The example of the charging capacitor is often used to show that Ampère's law cannot work in electrodynamics, since the value of the integral (I'm talking about Ampère in integral form here) would depend on the choice of surface delimited by the Amperian loop. It is then shown that since the displacement current between the plates of the capacitor is equal to the conduction current in the wire of the circuit, Ampère-Maxwell's law gives the same result for the integral.

My problem is the following: why isn't there also a displacement current inside the wire of the circuit? The electric field obvously changes inside the wire, since the voltage changes while the capacitor is charging. Since there is a changing electric field, there should be a displacement current, no?

Thank you,

Bakshi

**marlon** · Dec10-05, 11:12 AM

You need to look at how displacement current is defined. If the electrical flux, in between two capacitor plates, changes with respect to time, this change is equal to a "quantity" that must have the dimension of a current. This is predicted by the Ampere-Maxwell Law. However this is ofcourse a fictitious current since there is no real current present between the two plates. Hence the name displacement current, although "displacement" is rather poorly chosen because nothing is "being displaced".

Look at two capacitor plates inside a closed loop. The actual (ie socalled encapsulated by the closed loop when applying Ampère's Law) current will encounter the first capacitor plate, which gets charges. depending on the dielectric in between the plates, the second plate will get a certain opposite (equal in magnitude) charge. In between the two plates there is an E-field. Then the (real) current starts from the second plate and goes to the electrode. Now, it seems as if the real current has passed through the material (or vacuum) between the two capacitor plates. One looks at this as if current has flown in that specific region and it is this current that we call displacement current. You see ?

In a wire, you always have real current (ie moving electrons) and what you are referring to is called induced current actually.
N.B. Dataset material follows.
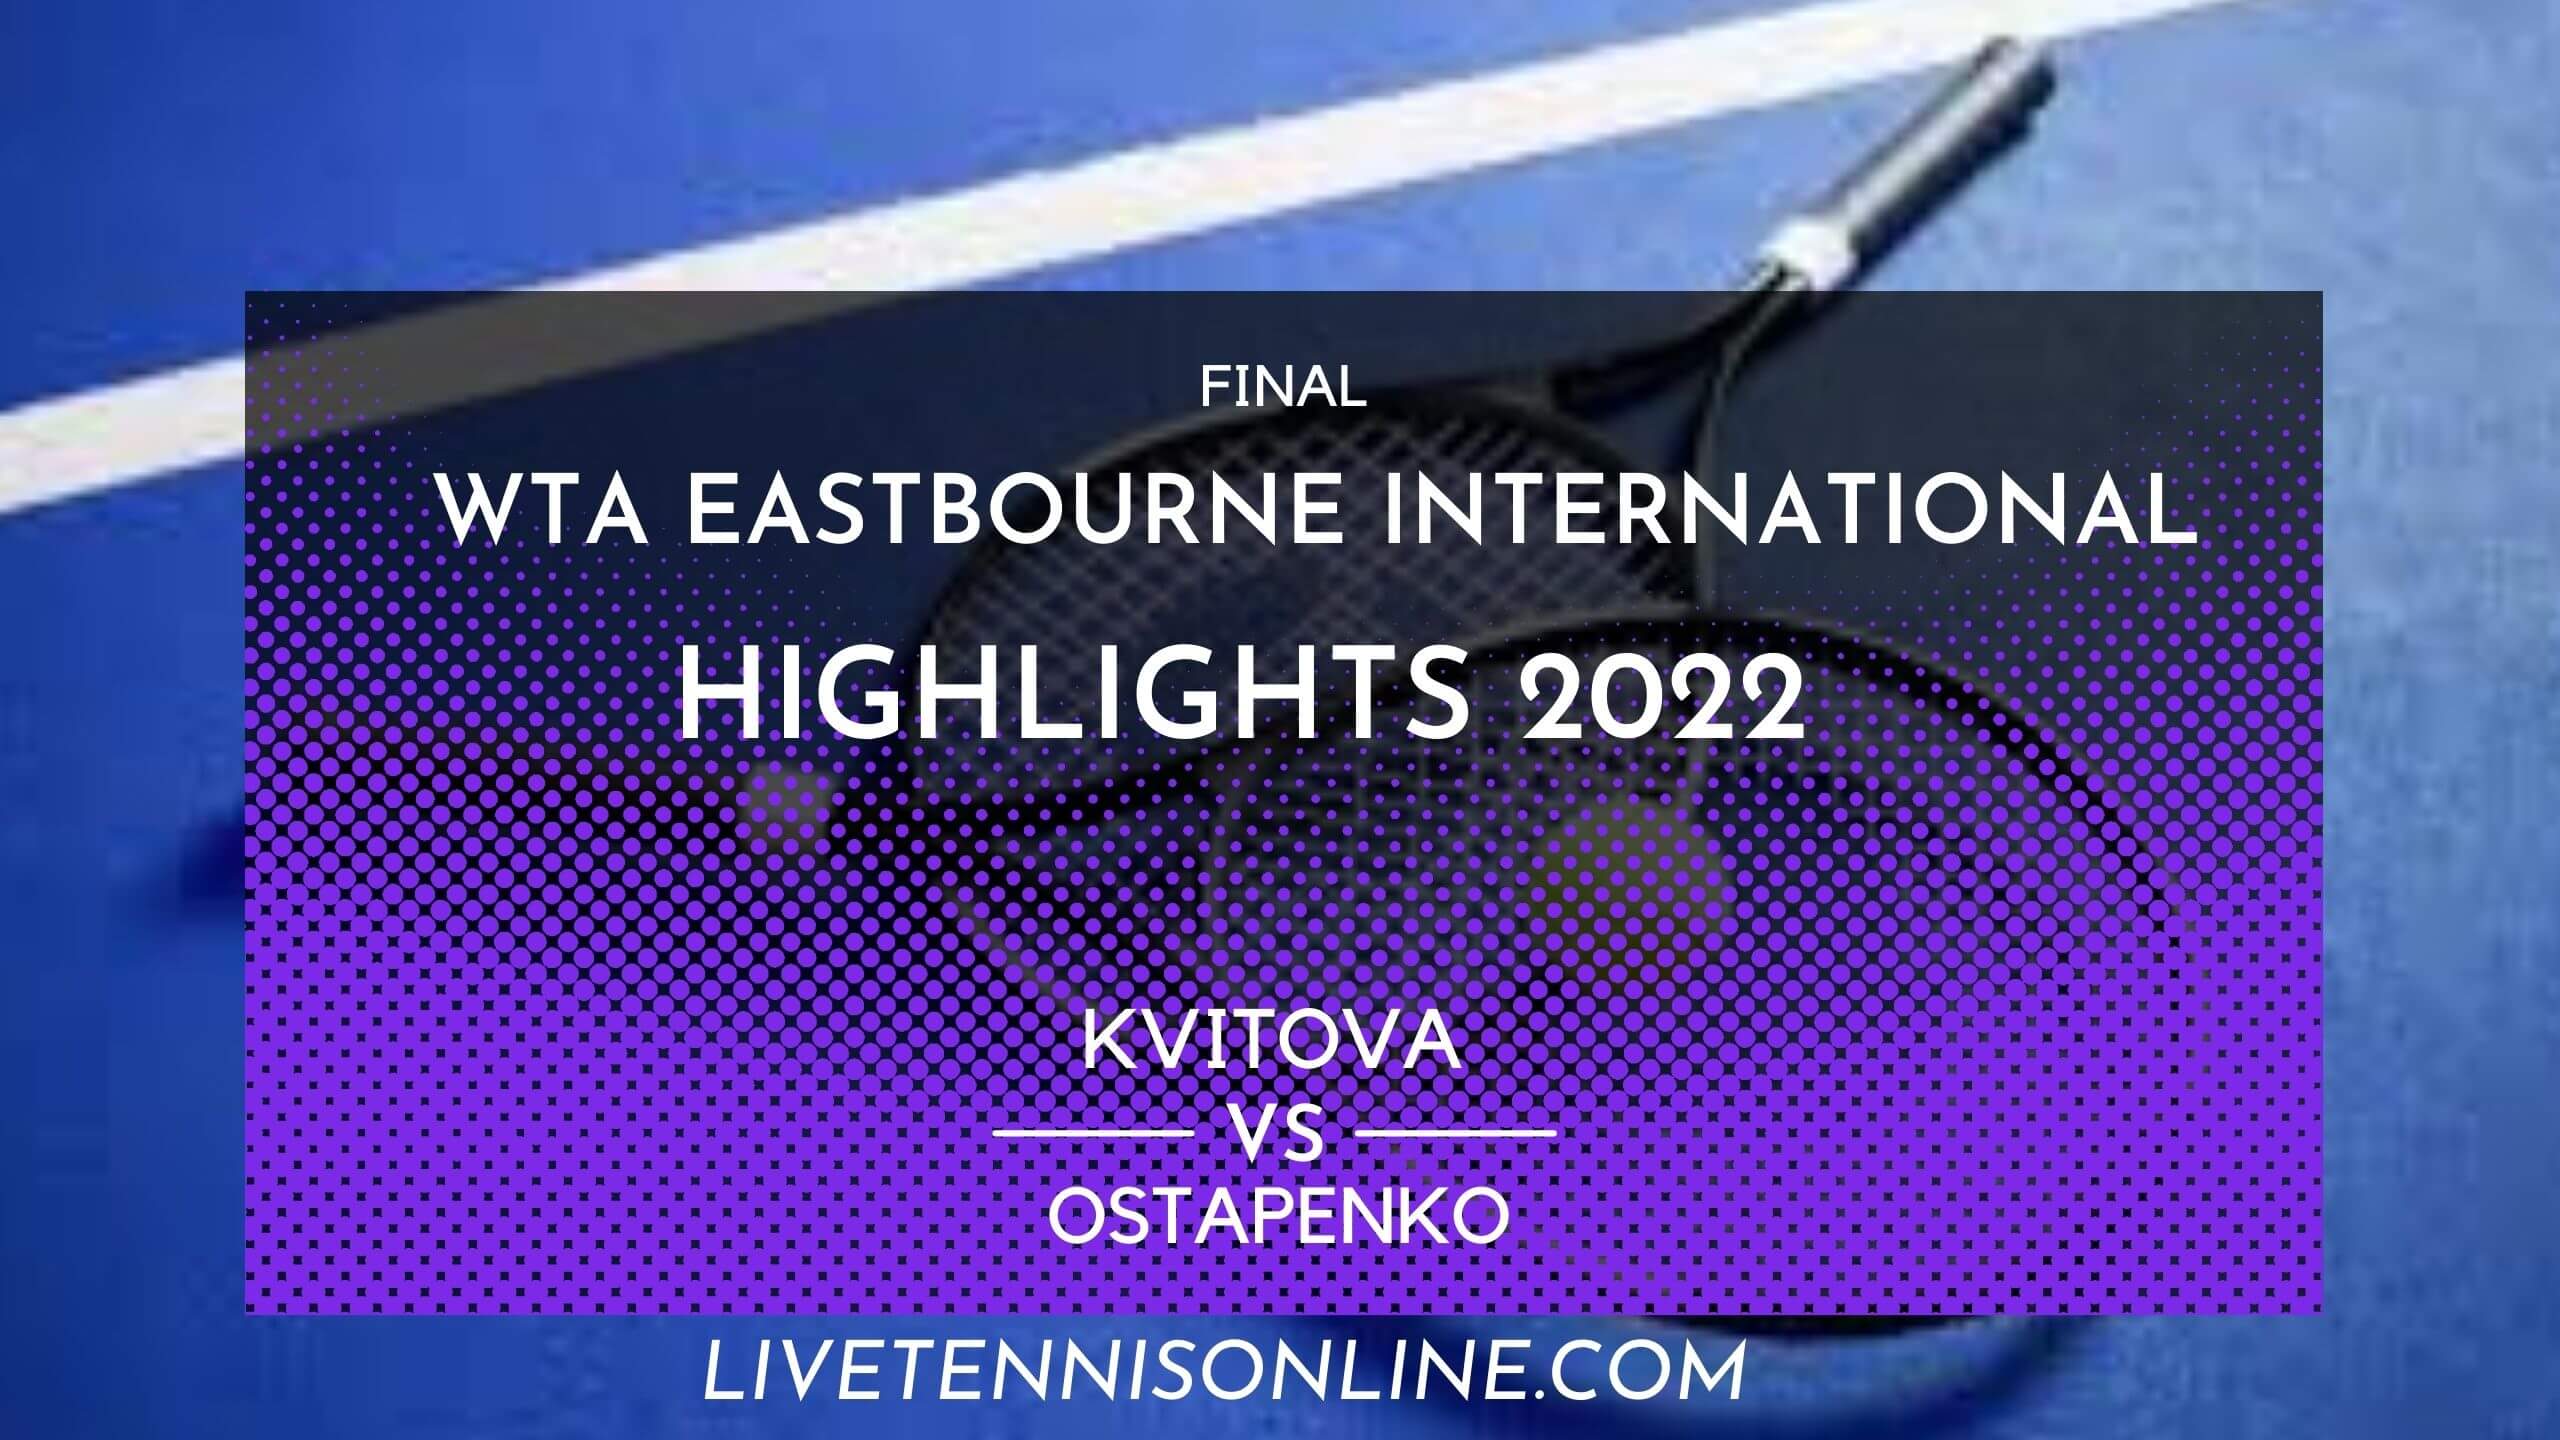 Kvitova Vs Ostapenko Final Highlights 2022 Eastbourne

You see the difference in displacement current and real (induced) current ? That is the clue of the story

regards
marlon

**bakshi** · Dec10-05, 12:37 PM

Maybe my question wasn't clear enough. I do know that the displacement current is not a real current but just a changing electric flux through a surface. Let me try to formulate my question again. Let's suppose that our Amperian loop is centered around the wire leading to one of the charging capacitor plates. If the surface delimited by the loop is between the plates, then there is obviously no conduction current through the surface, just a displacement current. It can be shown that this displacement current will be equal to the conduction current I through the wire of the circuit. Now, if our surface is in the plane of the Amperian loop, we say that there is no displacement current through it, just the conduction current I. Thus we say that Ampere-Maxwell's law gives us the same value for the integral for both surfaces.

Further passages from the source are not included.